**YOUR ASSIGNMENT**
Reproduce the lines of the material exactly, excluding every image.

**SUPPLIED MATERIAL**
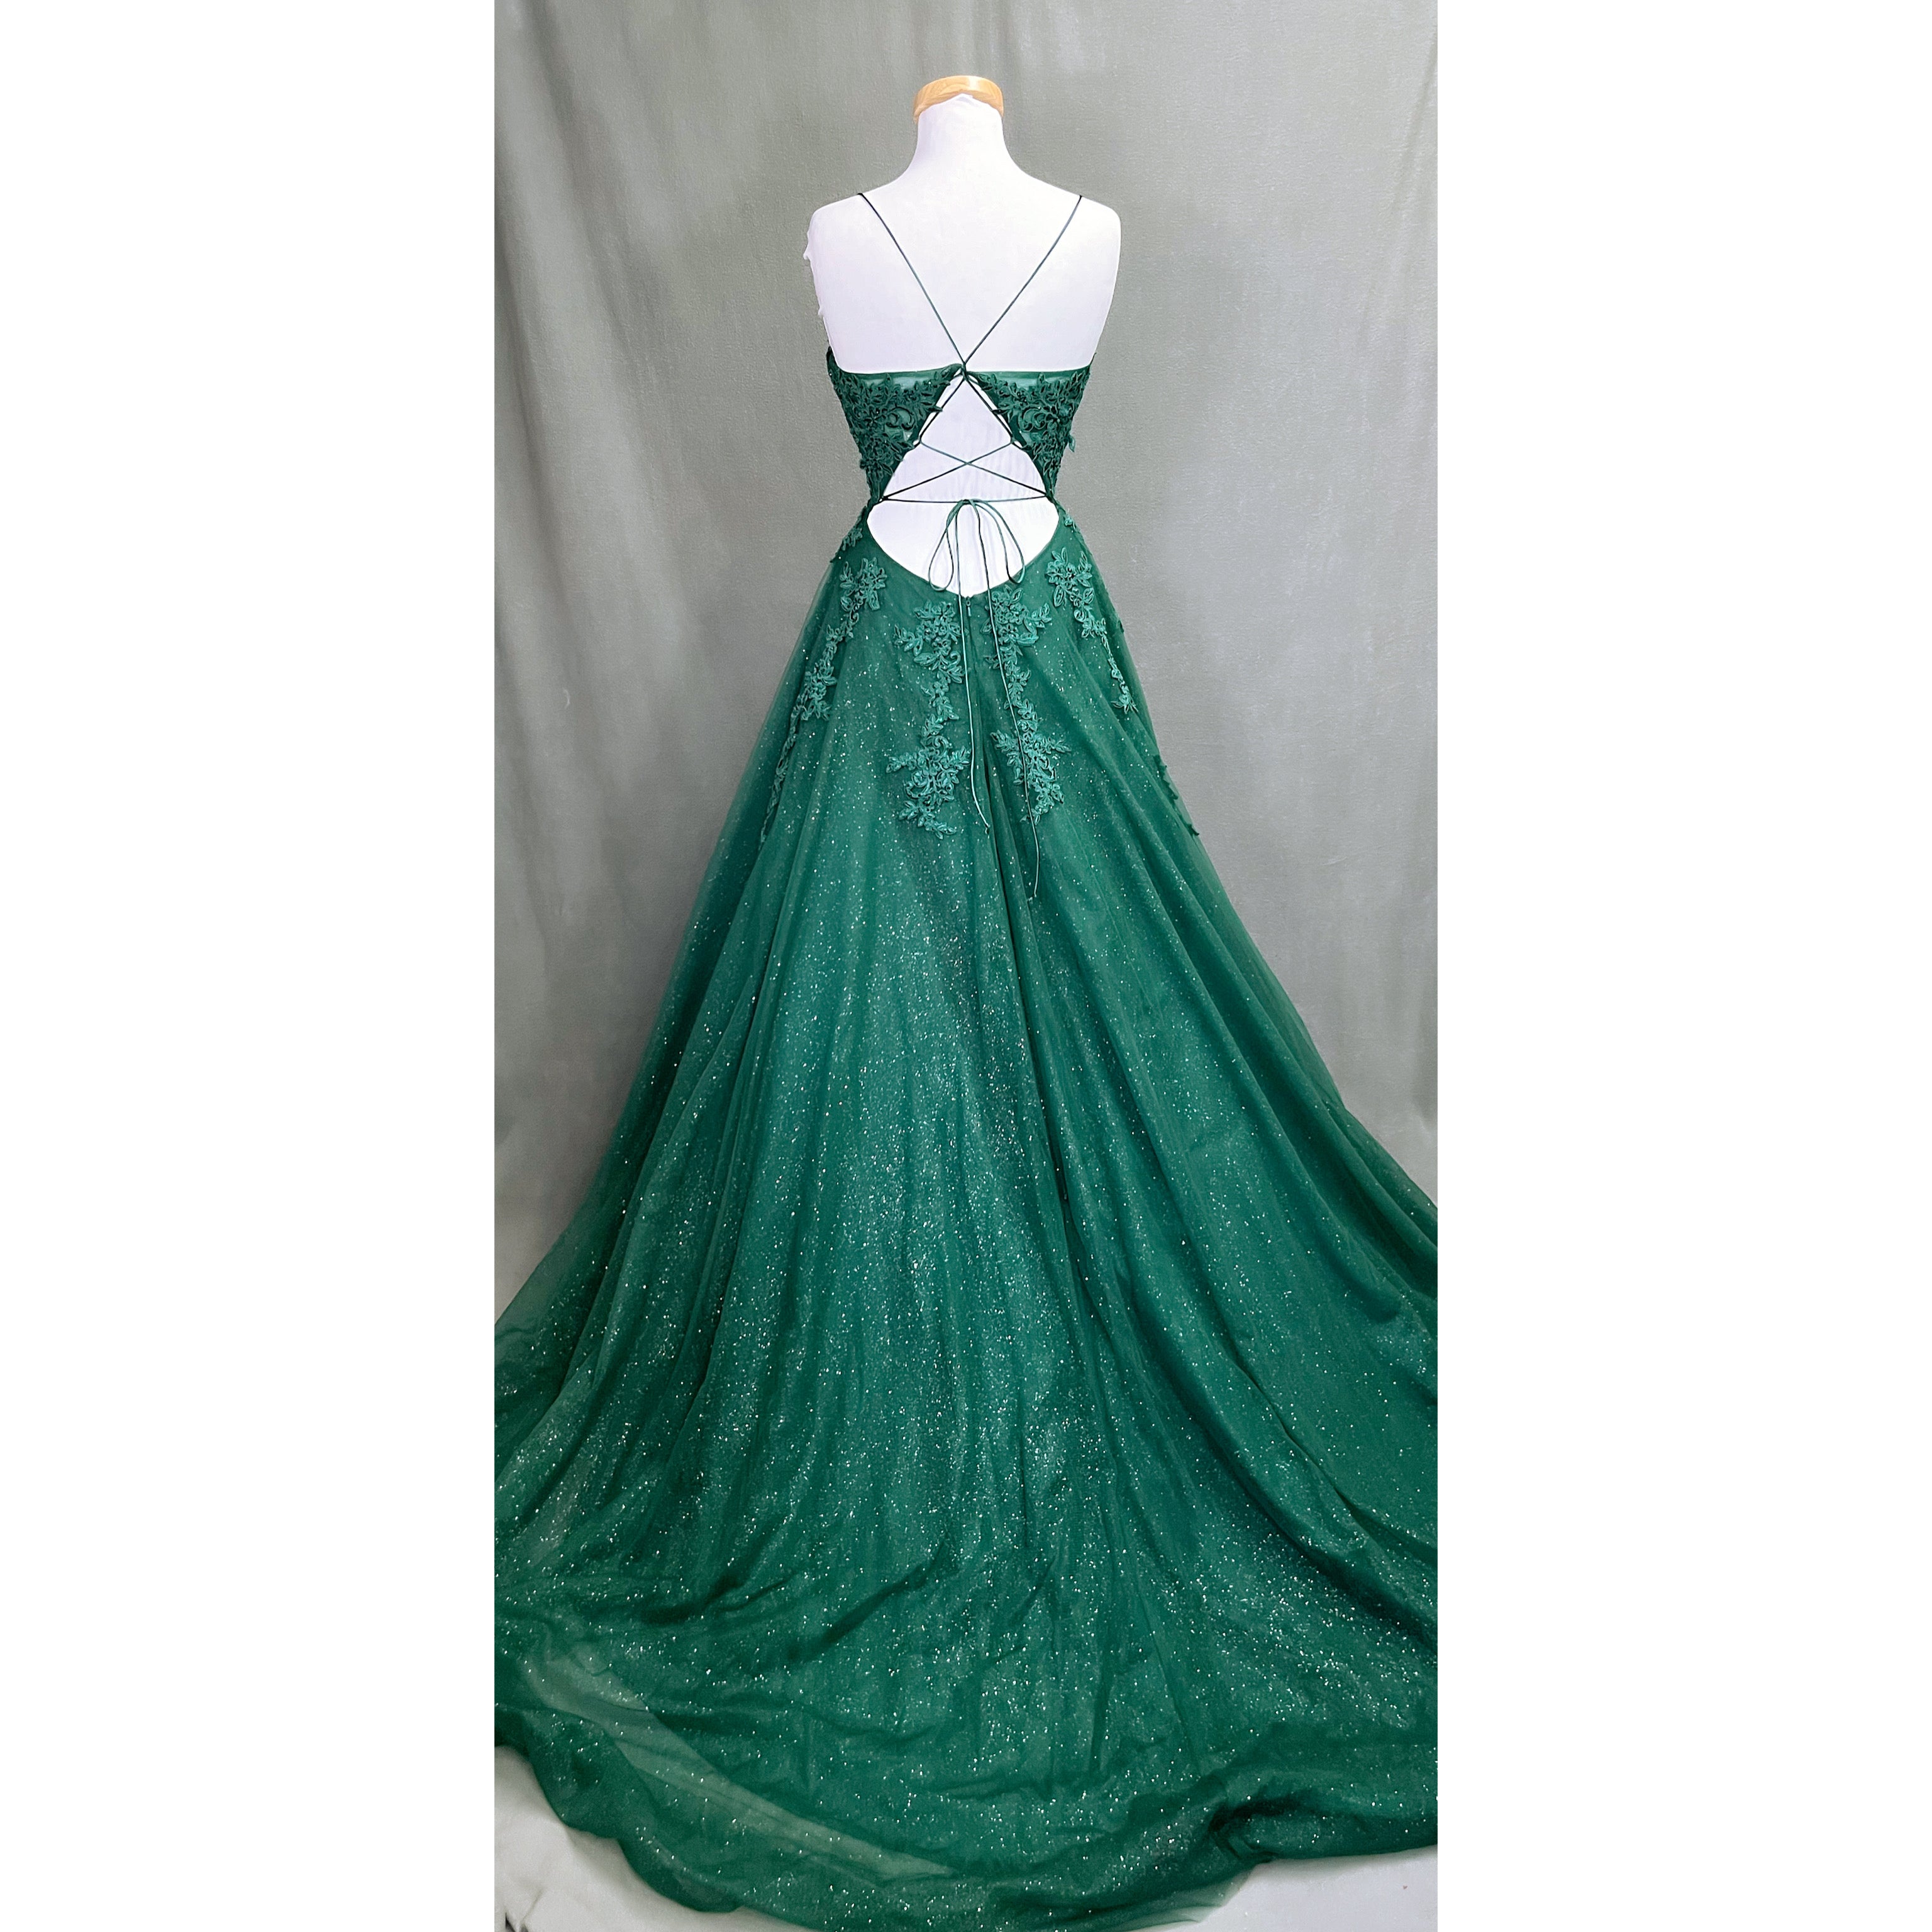 Nina Canacci evergreen ballgown, size 12
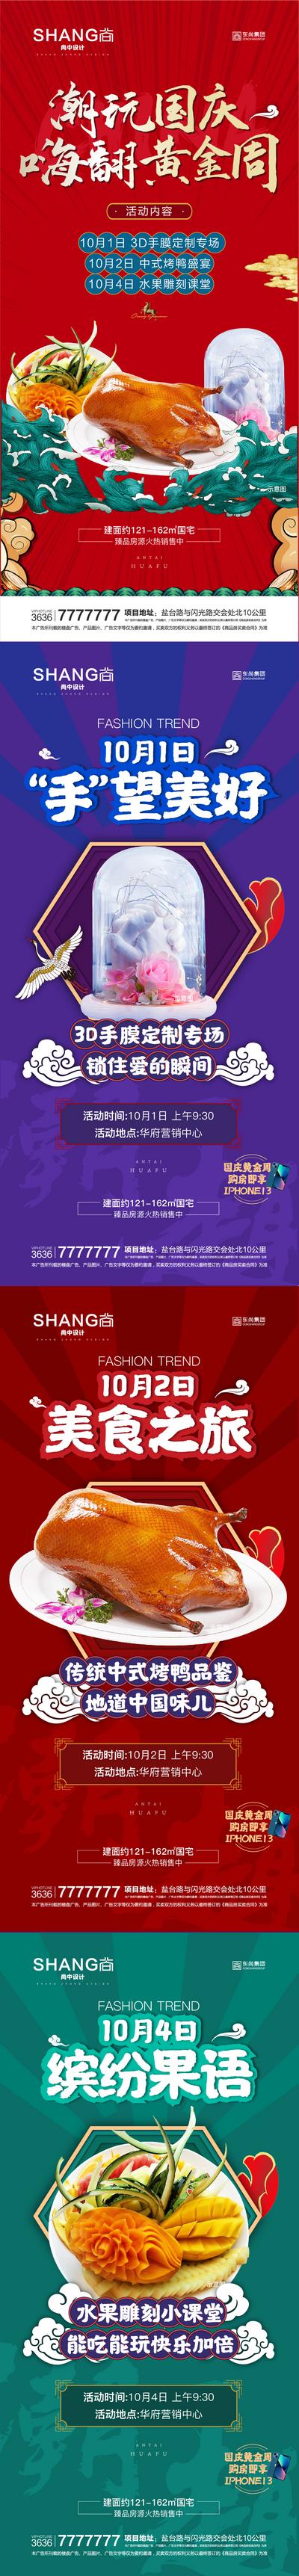 南门网 海报 地产 十一 国庆 黄金周 活动 烤鸭 手膜 水果雕刻 潮玩
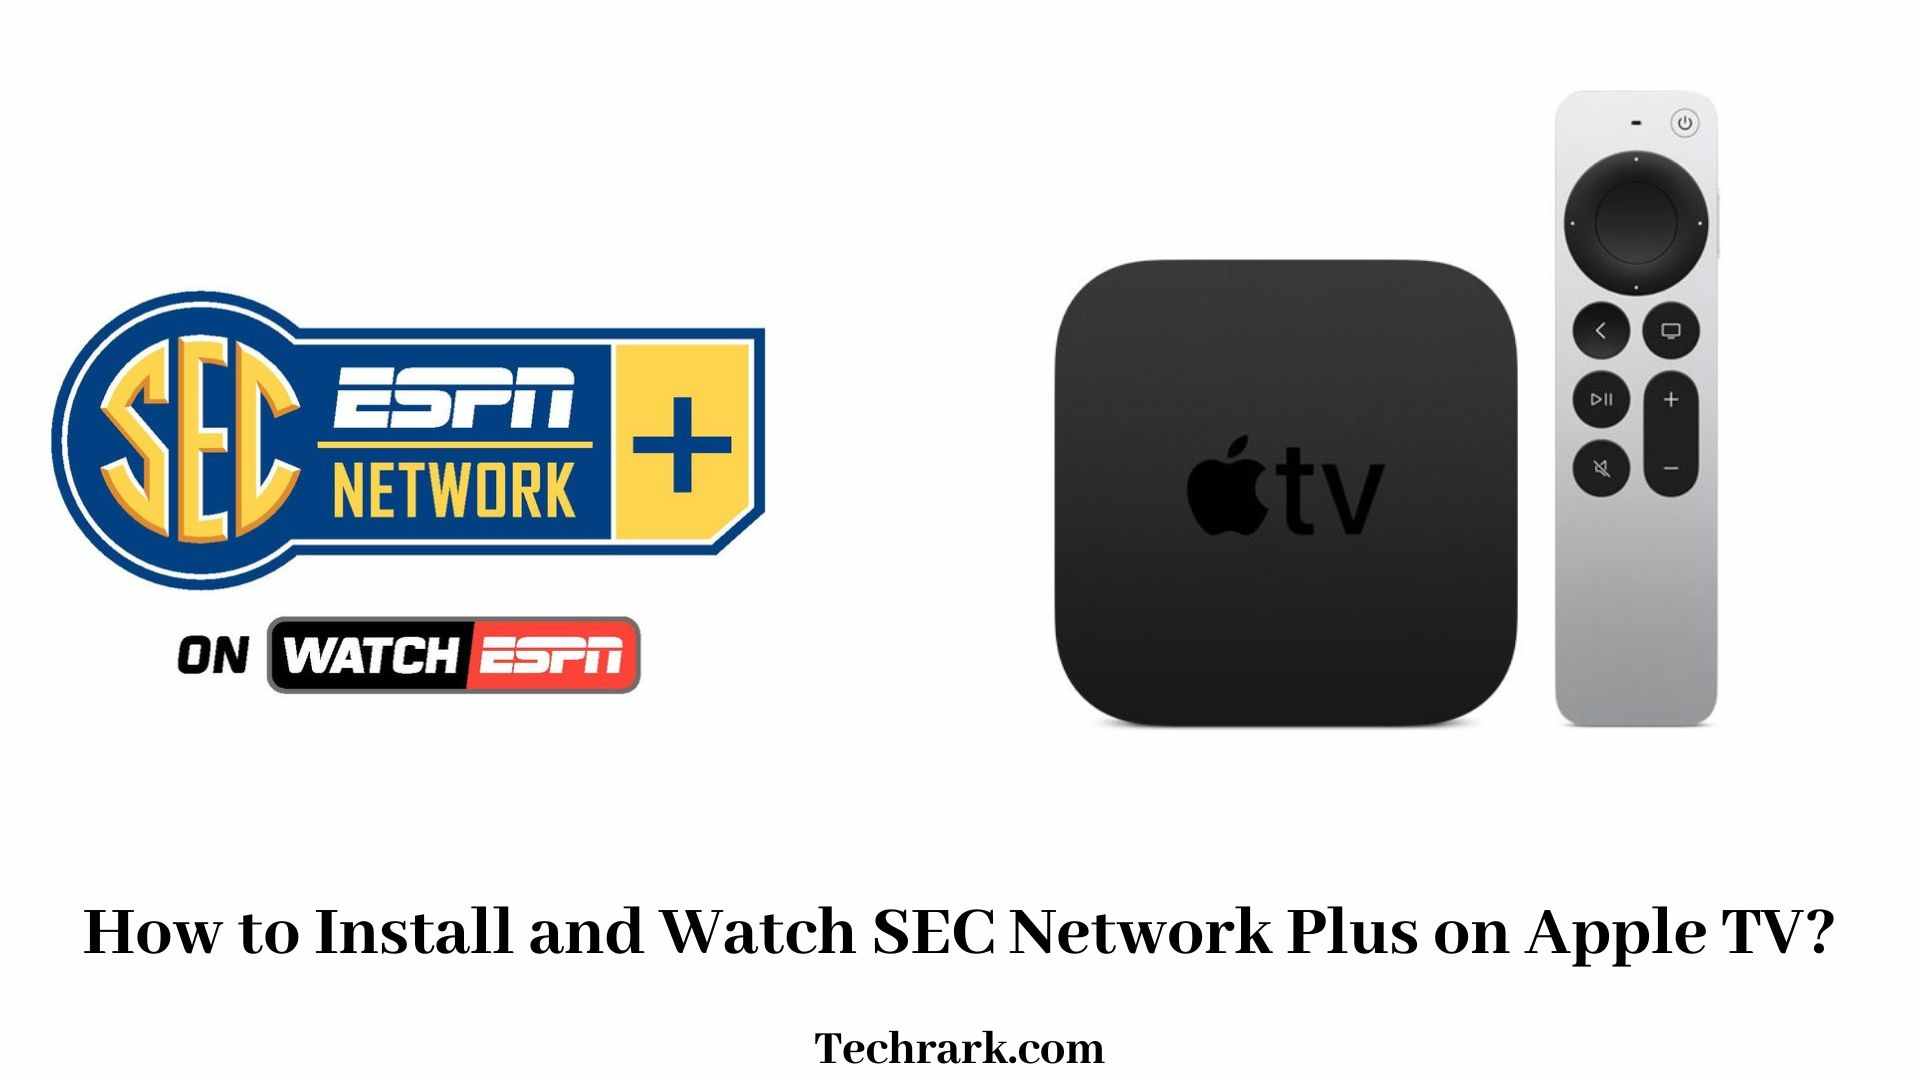 SEC Network Plus on Apple TV
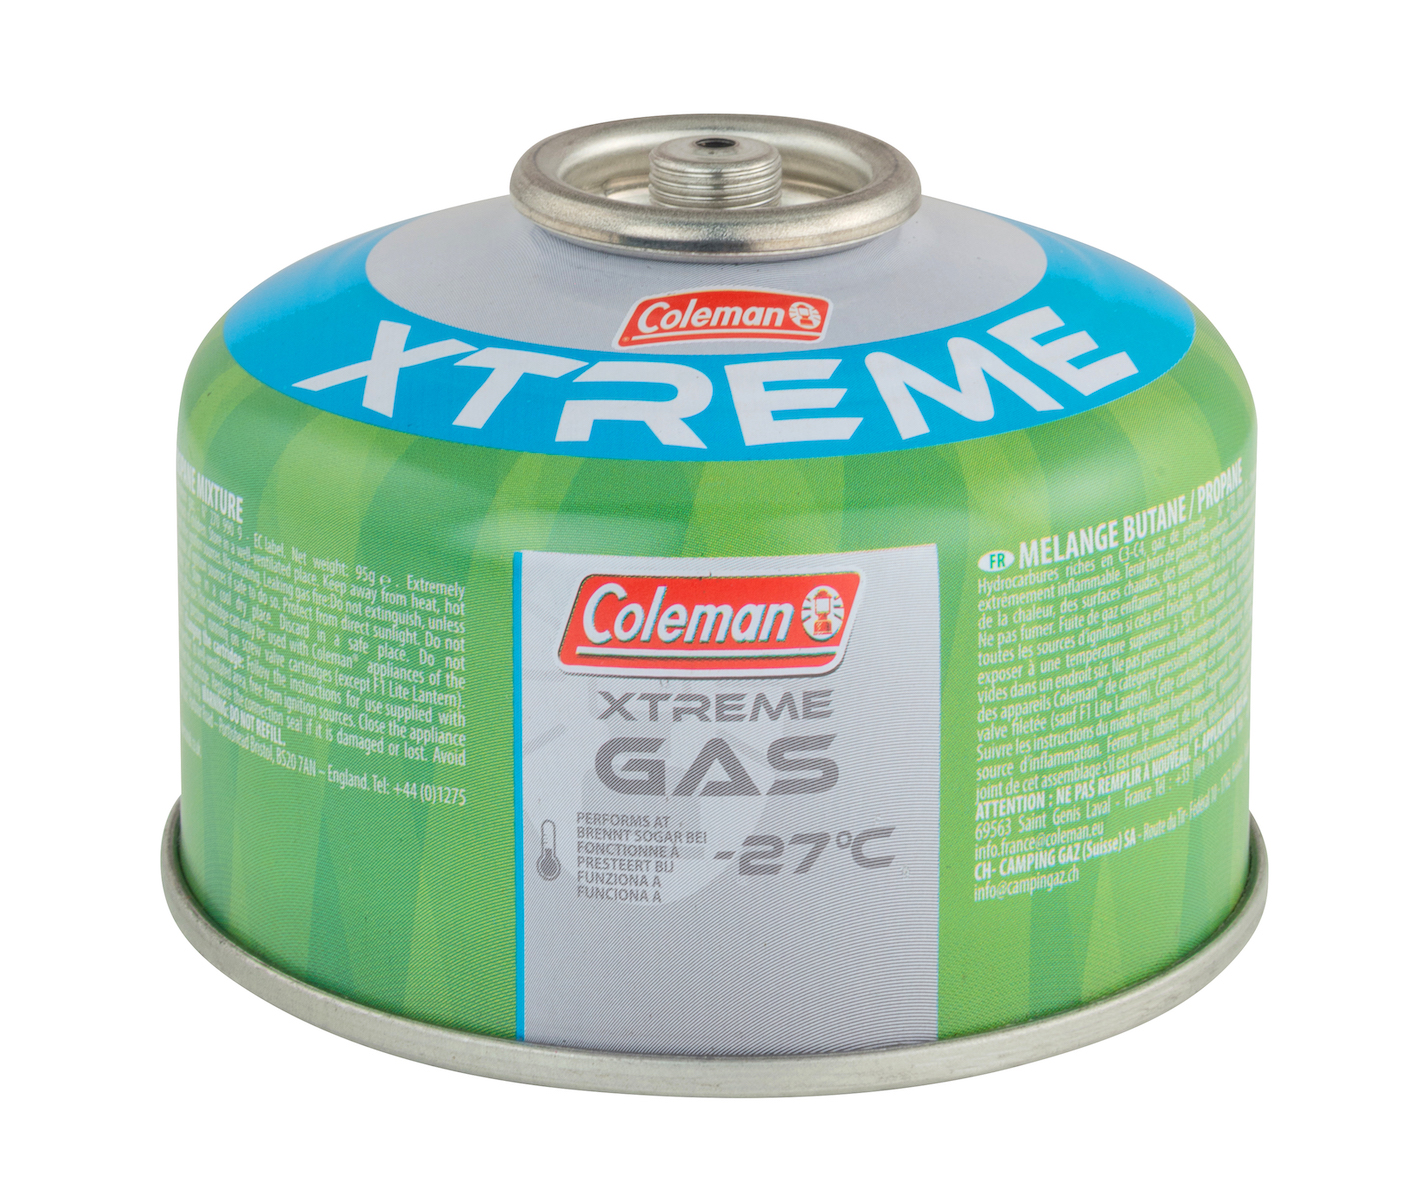 Gas-Ventilkartusche C100 Xtreme

**ANSWER FOR THE TASK**
 Nina Canacci evergreen ballgown, size 12
 南门网 海报 地产 十一 国庆 黄金周 活动 烤鸭 手膜 水果雕刻 潮玩
 SEC Network Plus on Apple TV
 Gas-Ventilkartusche C100 Xtreme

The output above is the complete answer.